Your goal :: Word for word, output the data, with none of its pictures.

Input data section start

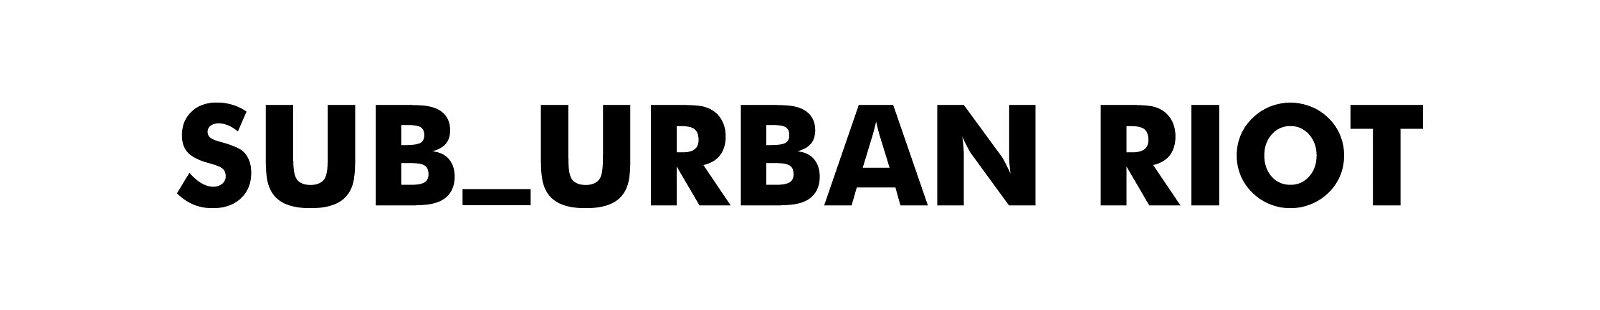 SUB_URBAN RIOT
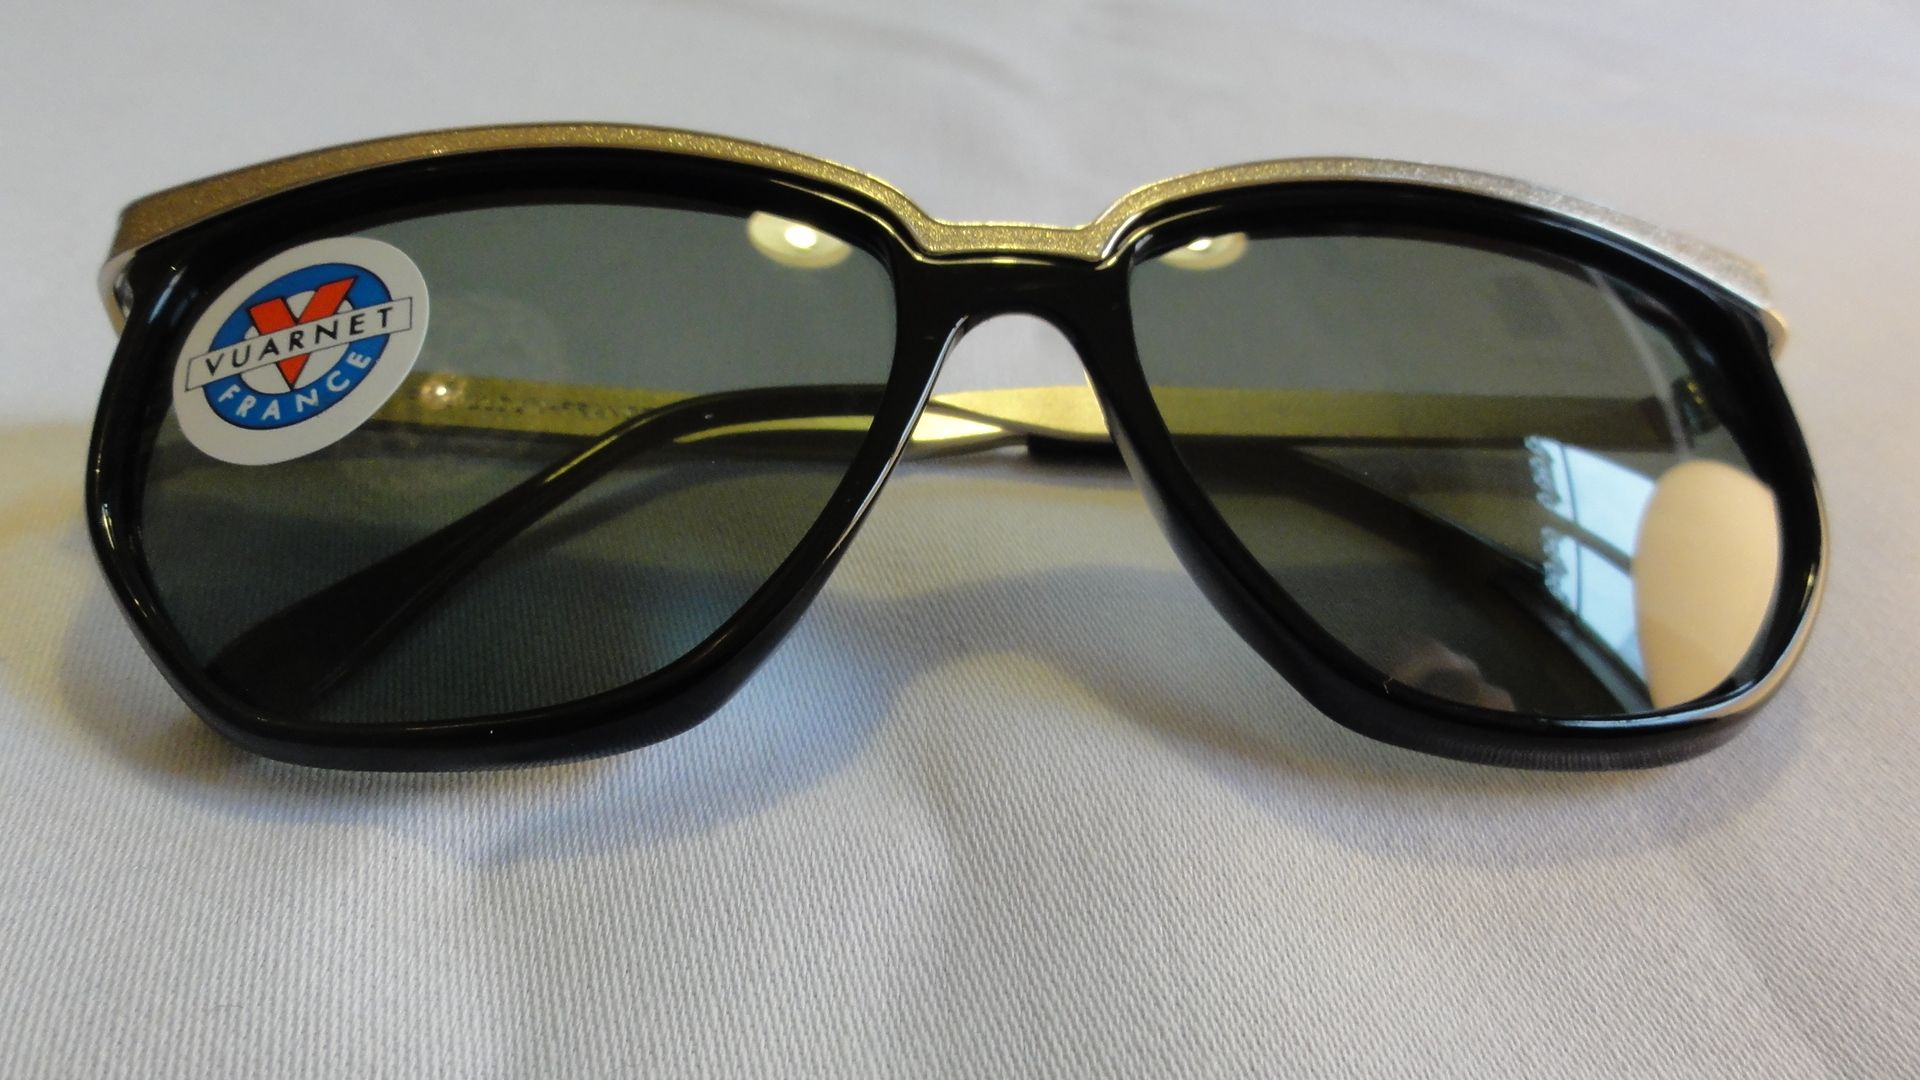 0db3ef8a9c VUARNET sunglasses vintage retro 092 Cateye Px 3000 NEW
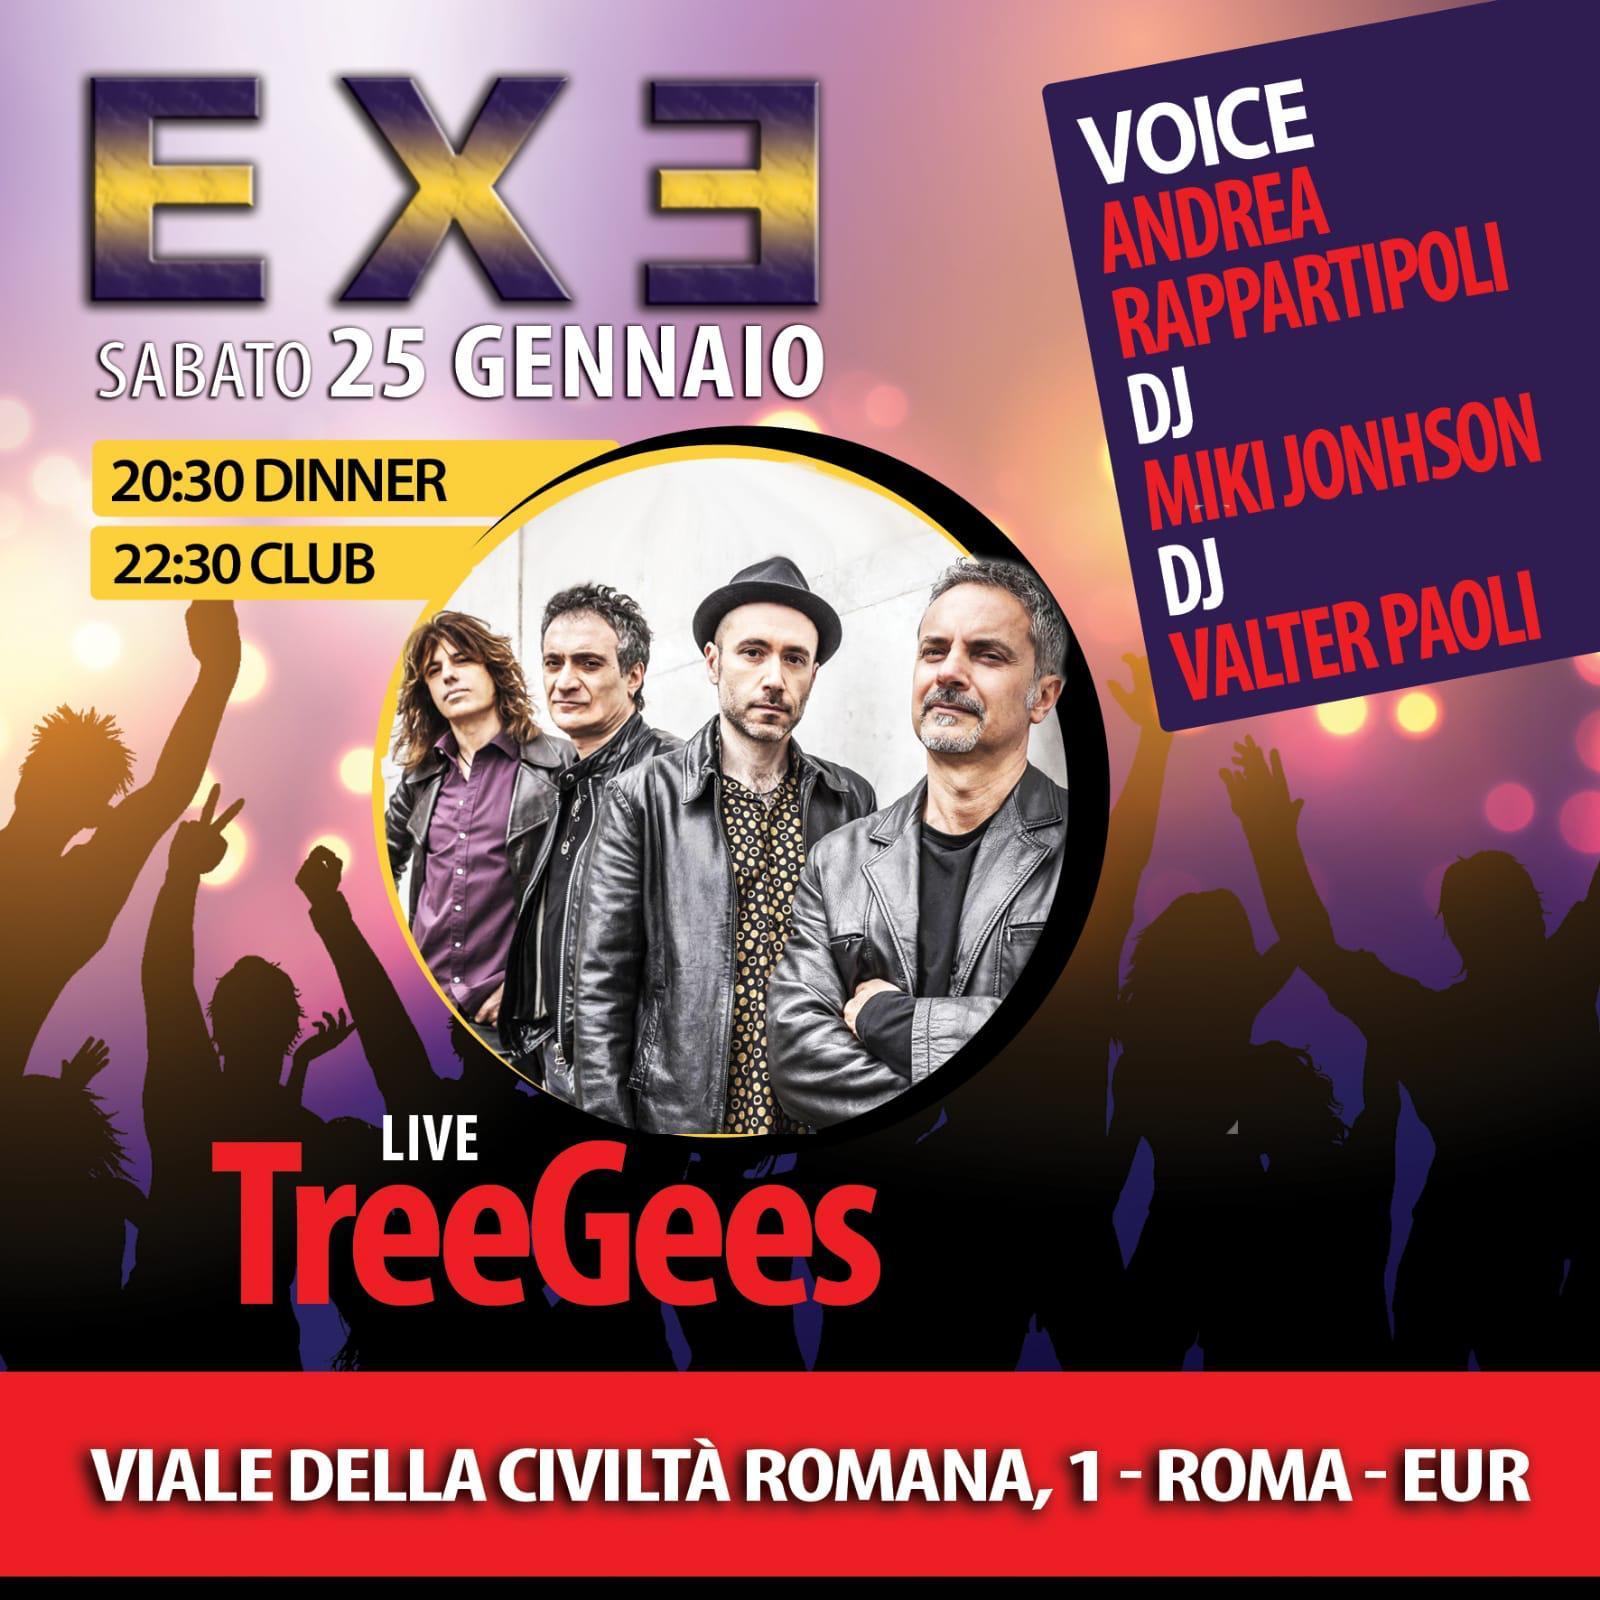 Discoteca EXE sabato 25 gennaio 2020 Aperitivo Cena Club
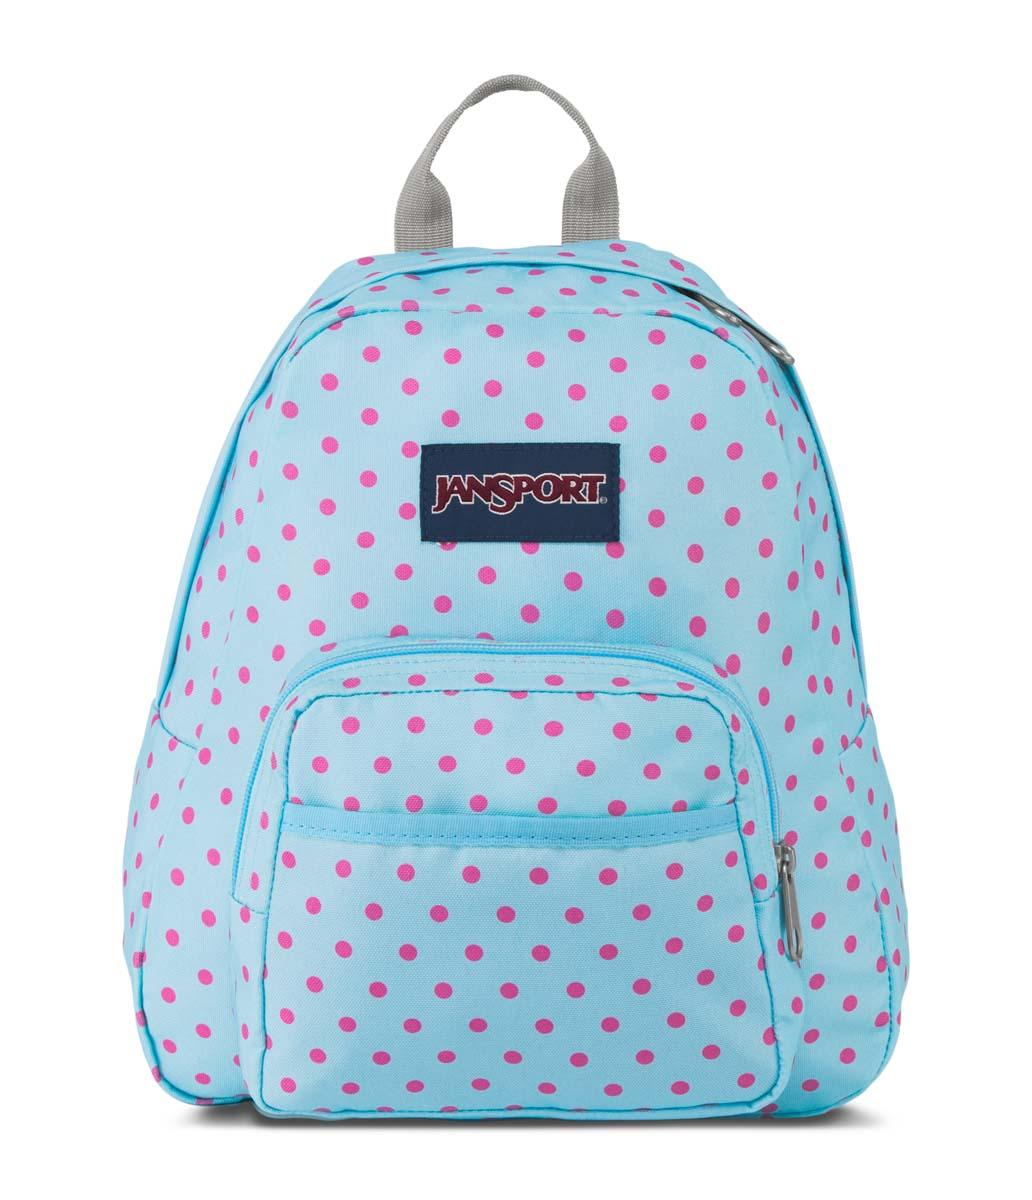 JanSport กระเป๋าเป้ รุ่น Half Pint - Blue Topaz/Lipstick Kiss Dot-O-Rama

Input data section end

Solution to this exercise ::
 SUB_URBAN RIOT
 0db3ef8a9c VUARNET sunglasses vintage retro 092 Cateye Px 3000 NEW
 Discoteca EXE sabato 25 gennaio 2020 Aperitivo Cena Club
 JanSport กระเป๋าเป้ รุ่น Half Pint - Blue Topaz/Lipstick Kiss Dot-O-Rama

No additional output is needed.